Participants are the unit of subscription. By default the endpoint subscribes to every participant who joins (and unsubscribes on leave), giving each agent the full inbound stream — data, audio, and video — for every client. Two knobs control this:

filter — a Subscribe flag that drops whole categories (DATA, AUDIO, and VIDEO) at the ZMQ kernel level for efficiency. Default is Subscribe.ALL. Combine flags with | to scope down:
```
# Audio-only processor; ignores data + video on every pid.
ep = ProcessorEndpoint(..., filter=Subscribe.AUDIO)
```
auto_subscribe — when True (default), the endpoint subscribes on join and unsubscribes on leave. Set to False for agents that service a fixed set of participants, then call subscribe(pid) yourself (it may be called before that participant has even joined — ZMQ holds the subscription until matching traffic arrives).

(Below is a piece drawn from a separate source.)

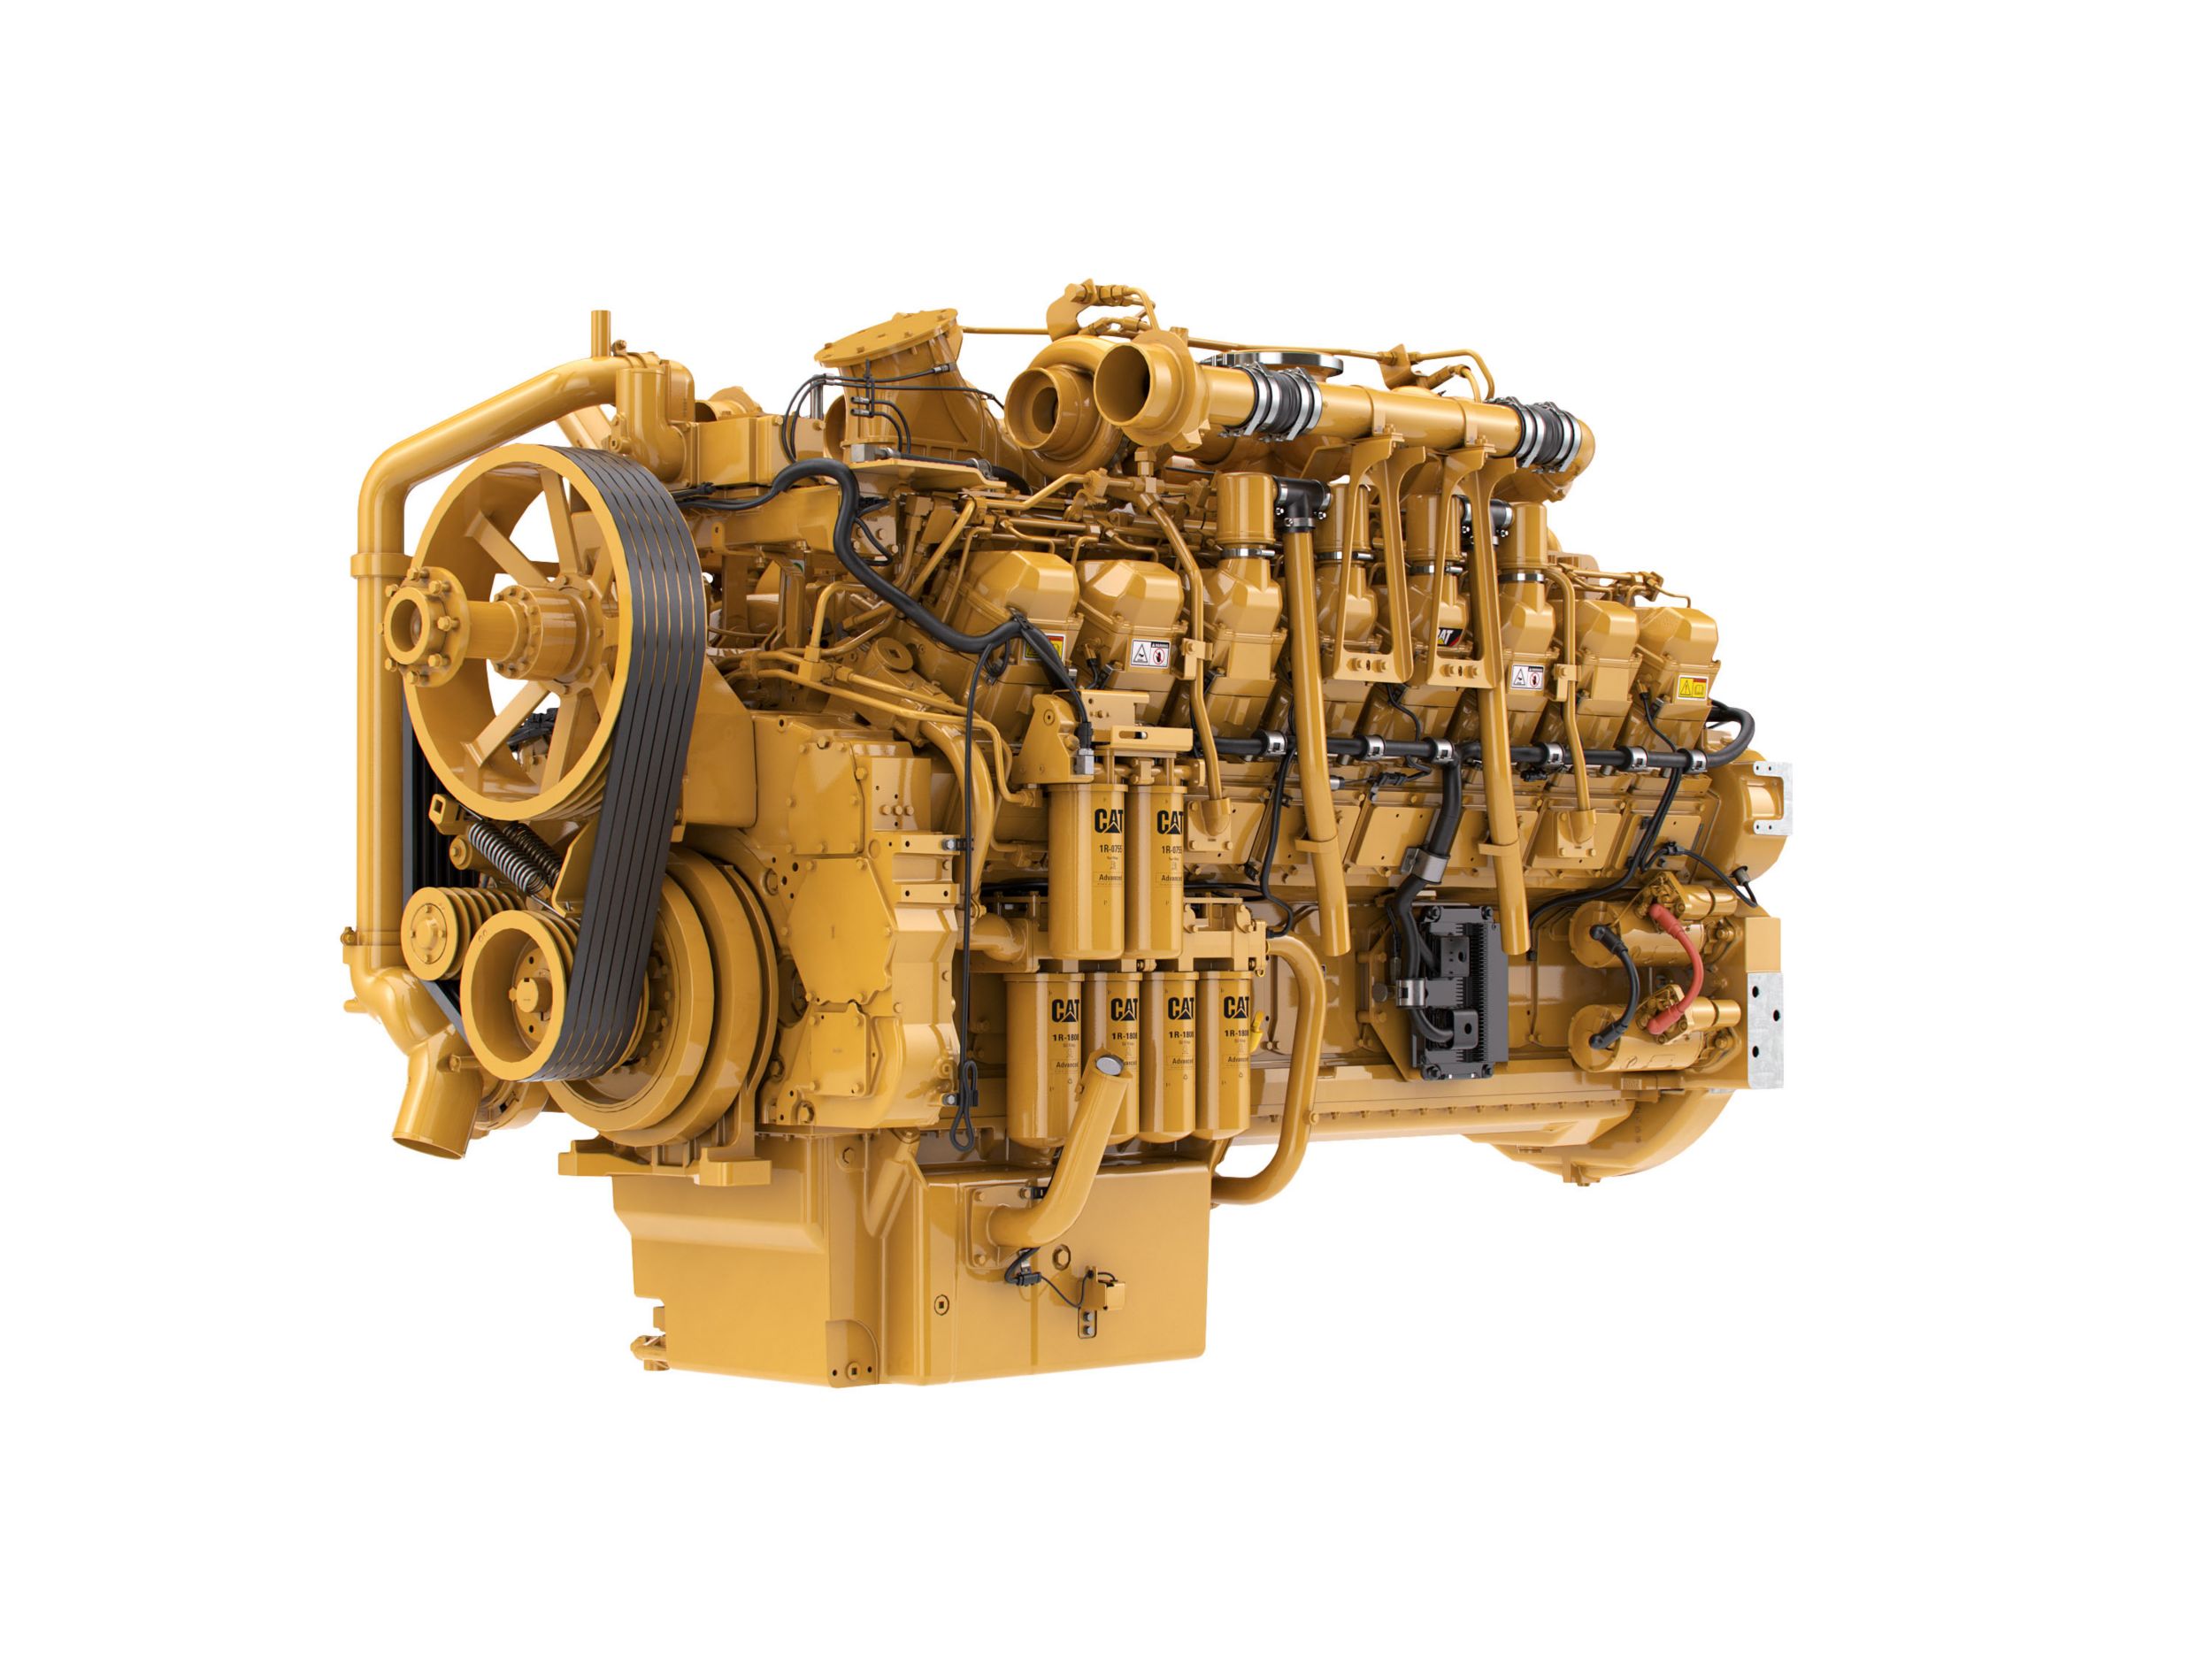 Motores Diesel 3516 LRC - Menos Regulamentados e Não Regulamentados

Endpoints created mid-session issue a roster request so they learn about participants who joined before they did: the hub re-publishes a “joined” event for every current pid, so already-connected pids are auto-subscribed retroactively. Because the replays go on the regular participant topic, keep your on_participant callbacks idempotent.

On-demand frame pixels#

Video frame access is two-step, so an agent only pays for the pixels it actually uses:

The on_frame callback receives FrameSignal metadata (always, at full frame rate).
Call await ep.request_frame(signal) to pull pixel data on demand. The hub serves from a small cache and copies pixels only when a request arrives; returns None if the frame has expired or on timeout. Concurrent requests for the same (participant, track) are coalesced into one FRAME_REQUEST.

LiveFrameSource#

LiveFrameSource is the higher-level live-camera helper for a caller that needs one fresh raw frame for a participant. It waits for a frame within its configured freshness window, then returns FrameData or raises FrameUnavailable. It deliberately stops at raw pixels: image conversion, model calls, and PNG export remain the consumer’s responsibility. Participant departure events automatically discard that participant’s cached frames and wake pending requests; wait state is removed when each request completes.

from xr_ai_agent import LiveFrameSource

frames = LiveFrameSource(ep, max_age_s=2.0, timeout_s=5.0)
frame = await frames.get("participant-1")

Return path#

Method	Sends
`send_return_data(msg)`	a `DataMessage` back to a client (text or binary on a topic)
`send_return_audio(chunk)`	an `AudioChunk` of agent or TTS audio to a client
`flush_return_audio(pid)`	drops audio queued at the hub for `pid` — interrupts the agent’s own playback
`set_status(status, pid=None)`	publishes agent status (e.g. `"idle"`, `"processing"`) on the reserved `_agent.status` channel; broadcasts when `pid` is omitted
`request_roster()`	asks the hub to replay “joined” events for all current pids

IPC message types#

The codec is msgpack with a small MsgType tag. New types can be appended without breaking existing code.

`MsgType`	Direction	Meaning
`FRAME_SIGNAL`	connector → hub	a decoded frame was written to the shared-memory ring buffer
`AUDIO_CHUNK`	connector → hub	raw PCM audio chunk
`CONTROL`	connector → hub	extensible key/value control message
`DATA_MESSAGE`	connector → hub	LiveKit data-channel payload (routed by topic)
`RETURN_AUDIO`	hub → connector	agent or TTS audio for a specific client
`RETURN_DATA`	hub → connector	agent text or binary for a specific client
`PARTICIPANT_EVENT`	bidirectional	participant joined or left the room
`CONNECTOR_REGISTER`	connector → hub	connector announces itself + its shm name
`FRAME_REQUEST`	processor → hub	request pixel data for a frame
`FRAME_DATA`	hub → processor	pixel data delivered to the requester
`RETURN_AUDIO_FLUSH`	processor → hub	drop audio queued for a participant’s return track
`ROSTER_REQUEST`	processor → hub	replay joined-events for the current roster

Shared memory#

ShmRingBuffer and SlotView give agents that read raw pixels a zero-copy view into the hub’s shared-memory ring buffer. The codec is extensible via register_encoder and register_decoder for custom payload types.